Zoom meetings had all the overwhelm of letting dozens of people into my personal space, with all the loneliness of imagining they were congregating elsewhere, without me. I felt, still feel, panicked at the start of every meeting. Rolf said: “You’re safer on zoom than live. You can press ‘end meeting’ or throw someone out at any time.”
Yet these people were in my place of worship, my creative space, my doctor’s office, my bank. Most of all they were in the private space where I connected with friends. When Draft was zoom-bombed, friends in the audience said they would not have known I was nervous. I’m not over it yet.
When I heard about people getting excited about the creative possibilities of online life, I admired them, but that wasn’t me. Creative people: embrace this! Create! I wasn’t embracing. I was making do, and all of a sudden making do felt like something to aspire to. I complained regularly and vocally. I didn’t want the labour of this to become invisible. For me or anyone else.

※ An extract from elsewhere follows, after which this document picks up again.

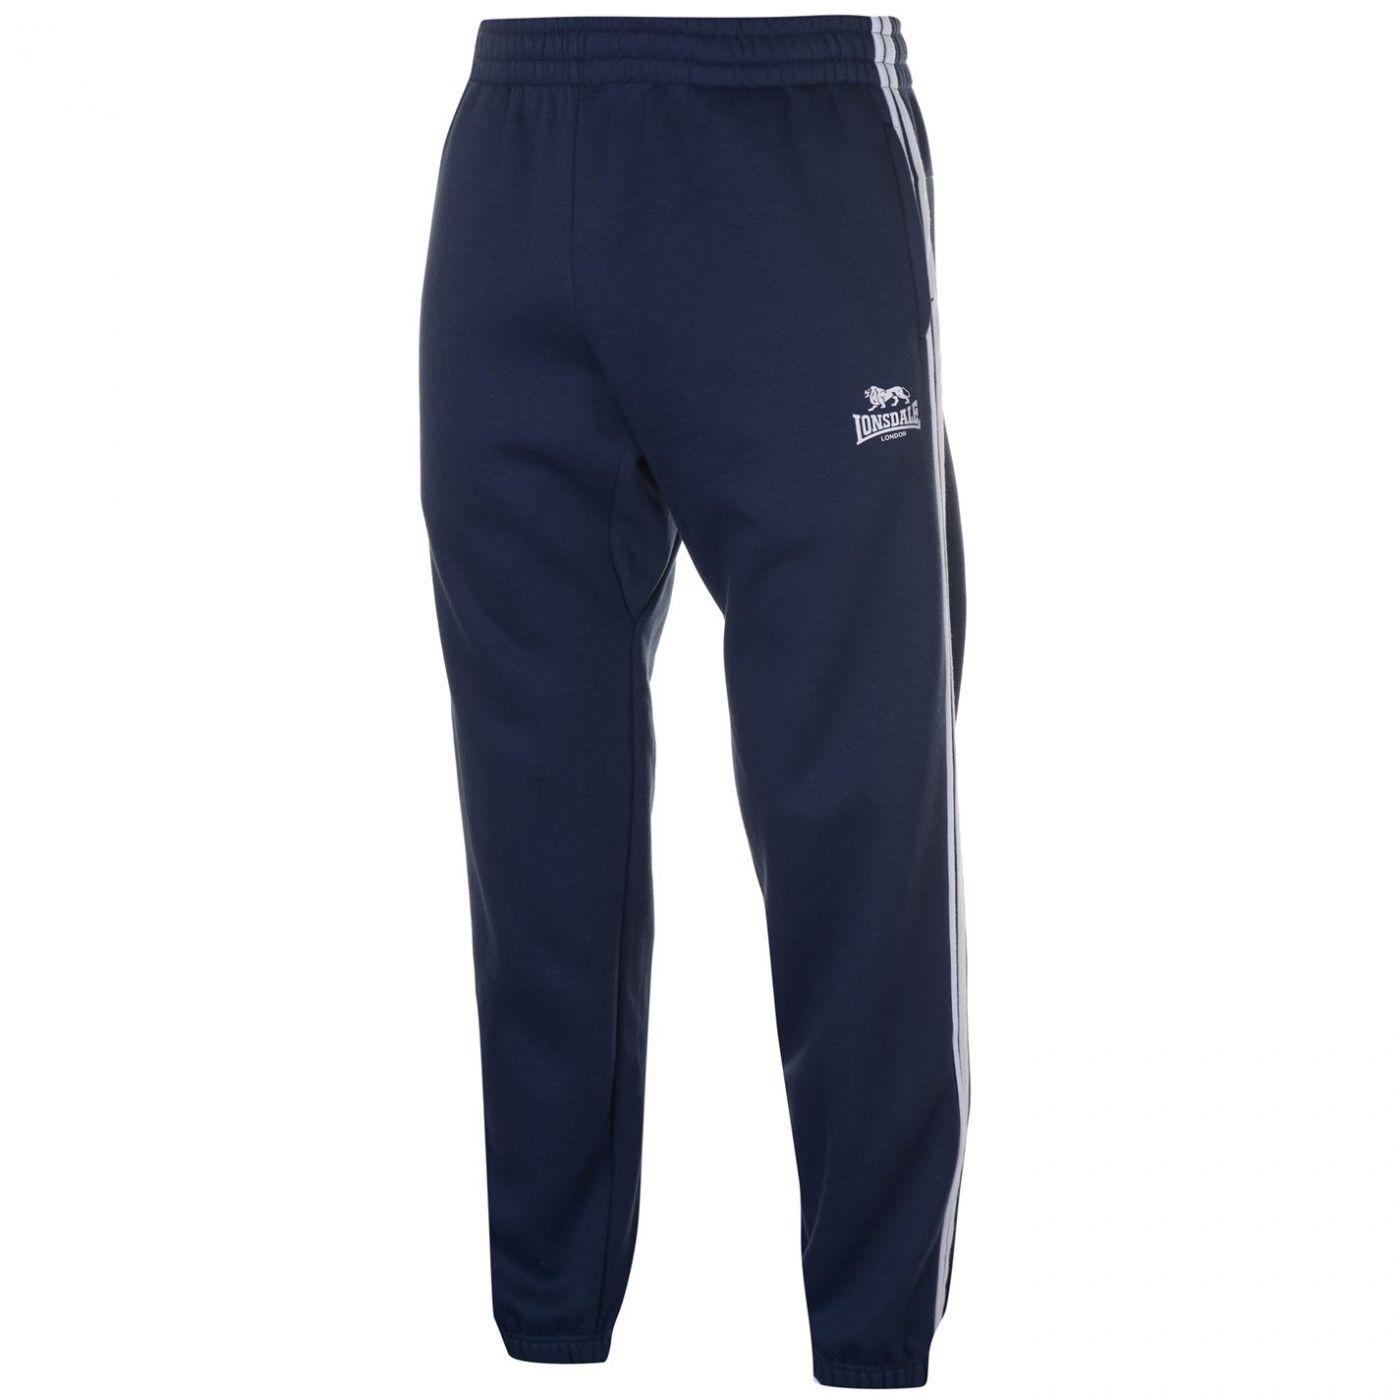 Lonsdale 2 Stripe Jogging Pants Mens
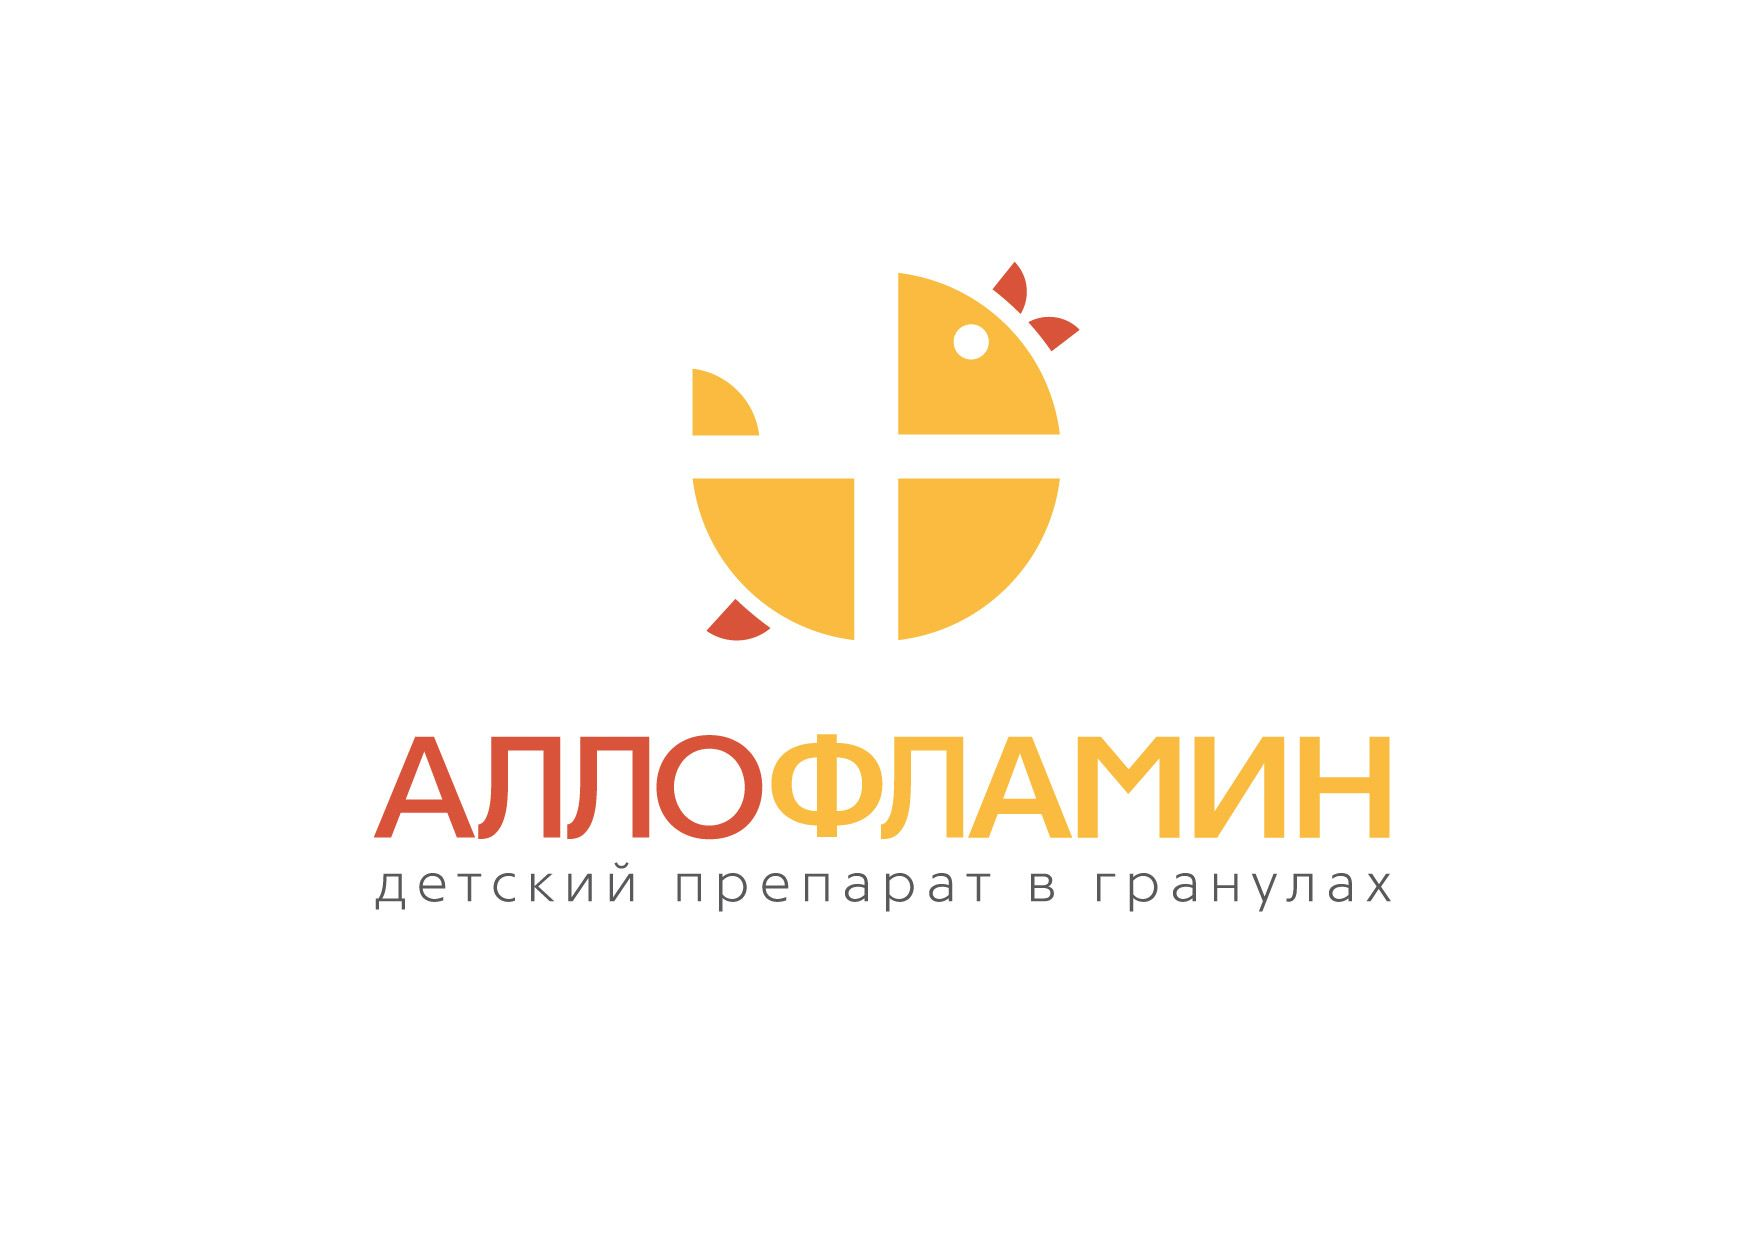 Логотип препарата Аллофламин - дизайнер igor_kireyev

Draft kept going. I kept teaching. The show did go on, though in another way. The show went in and is still in.
“During the … pandemic.”
“During the pandemic.”
Lately, the pause has been disappearing. “The Pandemic” has taken on the sound of other phases I heard a lot in my childhood. “The Depression,” for instance. I used to watch Shirley Temple movies on late-night television. In one, Paul Revere rides across the sky with a banner declaring “The Depression is over!” That’s ridiculous, I thought. People must have been really stupid back then.
Then there was “The War.” In our white, middle-class household in the 1960s, the source of all suffering and injustice was contained in a single phrase, consigned to the past. Its being over meant nothing bad, nothing really bad, could ever happen again.
Is Covid in the past? The recent “transition,” the “return to normal” has brought much debate on that question. The pandemic has become “politicized,” (as if anything is ever anything else) with opinion divided over whether it’s an ongoing threat.
I believe it is. I believe health-care workers and scientists, but sometimes I want to have a different conversation. Let’s just say it was all over and we knew it was over. I would still not be ready to “pivot” again. I’d still need time. I search for a word, and “transition” isn’t it. As someone easily able to work from home for two years, living with a partner I love, with plenty to eat, lots of space, no kids to home-school, no financial anxieties, “the … pandemic” was still huge. I had to look at everything, everything differently. Those two years have changed me. I need time to integrate the person I became during that time.
With or without the pause, “The Pandemic” is not just a bad dream, from which we all need to wake up. As long as we think of it that way, we never will.